A mi marido le dijeron que tenían a Patricia, su hermana más chica.
Le pidieron $600 pesos en tarjetas telefónicas, fue al local y la empleada no se las quiso vender sin autorización de la dueña, que no estaba.
Cuando fue a otro local del pueblo, el hombre que lo atendió lo vio tan asustado que le preguntó qué pasó.
El se lo contó y entonces el señor le dijo que se trataba de un secuestro virtual.
Entonces volvió a casa y llamó a la hermana a Rosario al celular y ella lo atendió.
Desde las 3 de la tarde a las 6 pasó hace 5 años, y todavía no nos pudimos olvidar...
Ta bueno que escribas estas cosas.
Siempre hay alguien que no sabe, y que leyendo, es advertido.
:)
UN abrazo, NETITO
SIL.
Tengo un 911 en planta alta.
¡Una dolorosa realidad!
Buena historia, que no es cuento, aún sucede y es bueno lo públiques. Excelente trabajo.
Un beso.
mariarosa
uffff, vaya susto...el relato está muy bien llevado. Me encantó. Es un horror que estas cosas sucedan. Está claro que en este mundo convive lo mejor y lo peor del ser humano...Y es una pena porque ello nos hace andar desconfiando de todo el mundo.
Besos!!!
Un cuento real. las dos lineas del final me parecieron increibles. Porque realmente es así.

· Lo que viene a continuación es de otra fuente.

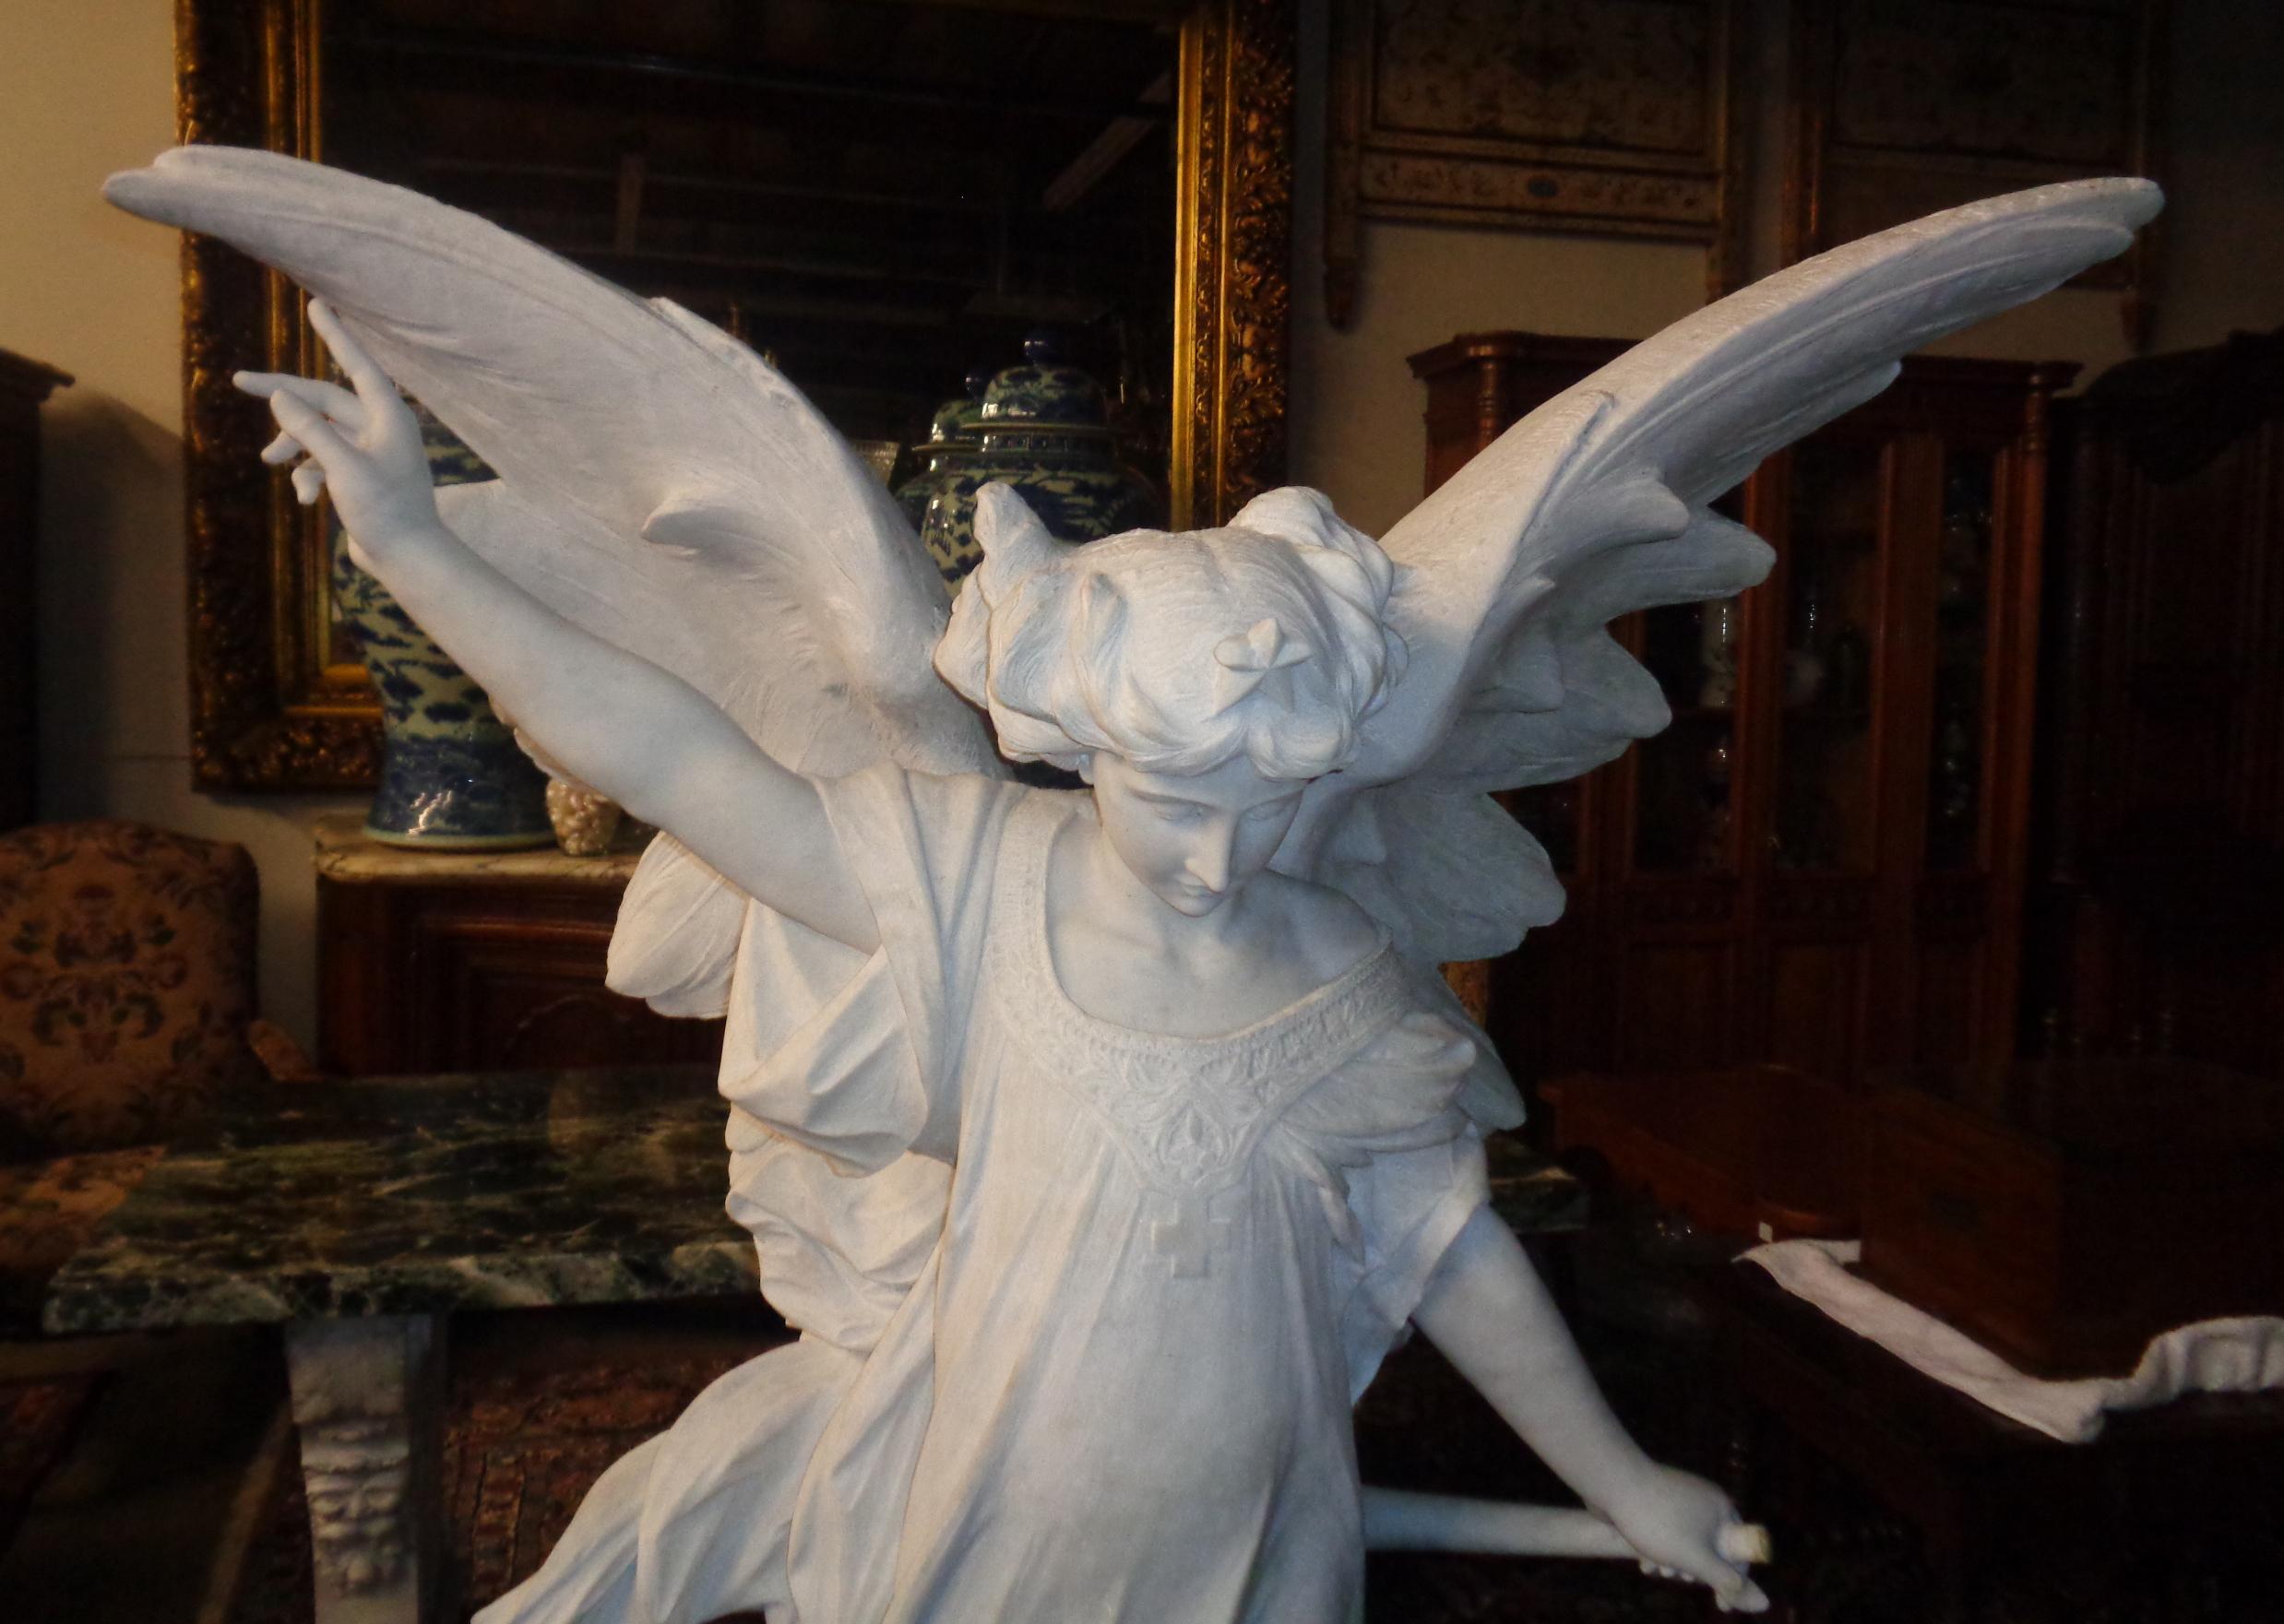 Magnificent life-size Italian Carrara marble sculpture of a winged angel standing on a cloud atop a rectangular base. The right hand is pointing to the heavens and the left hand is holding a trumpet. The angel is carved from a single block of
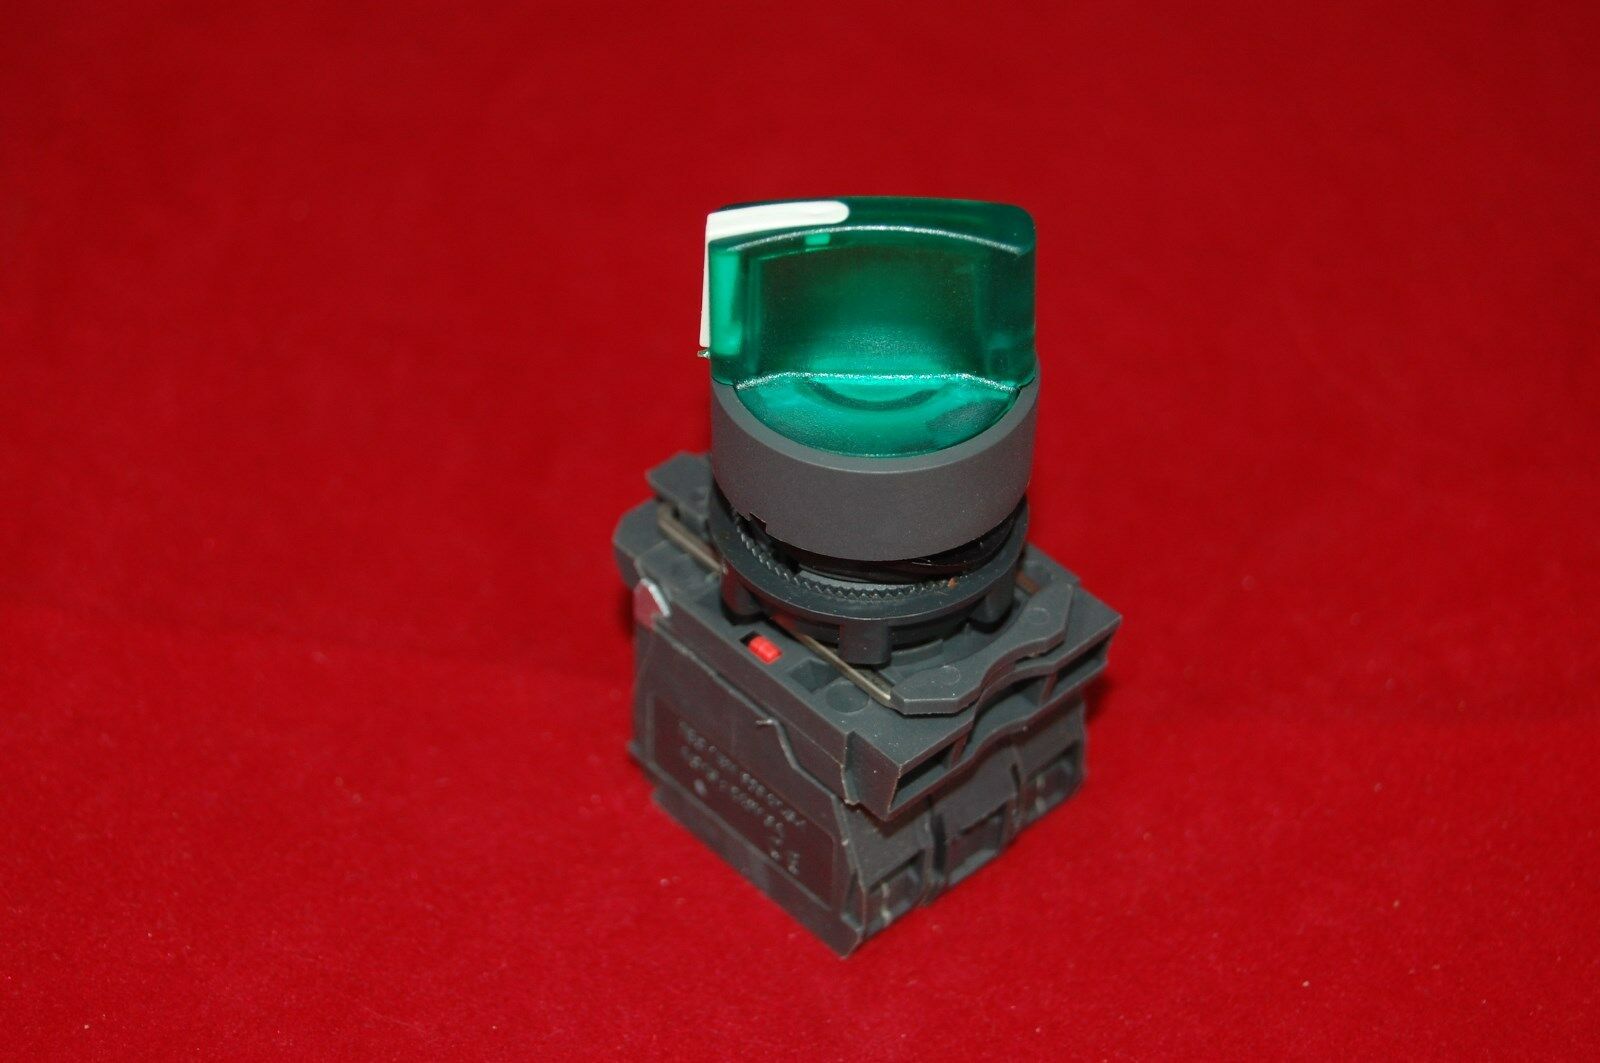 22mm ILLUMINATED Selector switch 3 Position Fits Green XB5AK153J5 12V Momentary

Doña Sil, vaya historia, conste que nunca me lo contó! A veces para inspirarse, hay que leer un rato el diario. Así de simple, así de triste. Saludos!
Doña Mariarosa, así es, dolorosa, actual. Gracias! Saludos!
Doña Tinta, quizá no de todos, solo de los que andan por mal camino jaja, cómo si fuera fácil identificarlos, no? Hoy en día están en cualquier esquina. Gracias! Saludos!
Carla, muchas gracias! Si, parece real, quizá similar a tantos casos que escuchamos o leemos por ahí. Saludos!
Cosas que pasan en el mundo de hoy. Puestas con el suspenso y la prosa néticos.
La última oración, para coleccionar.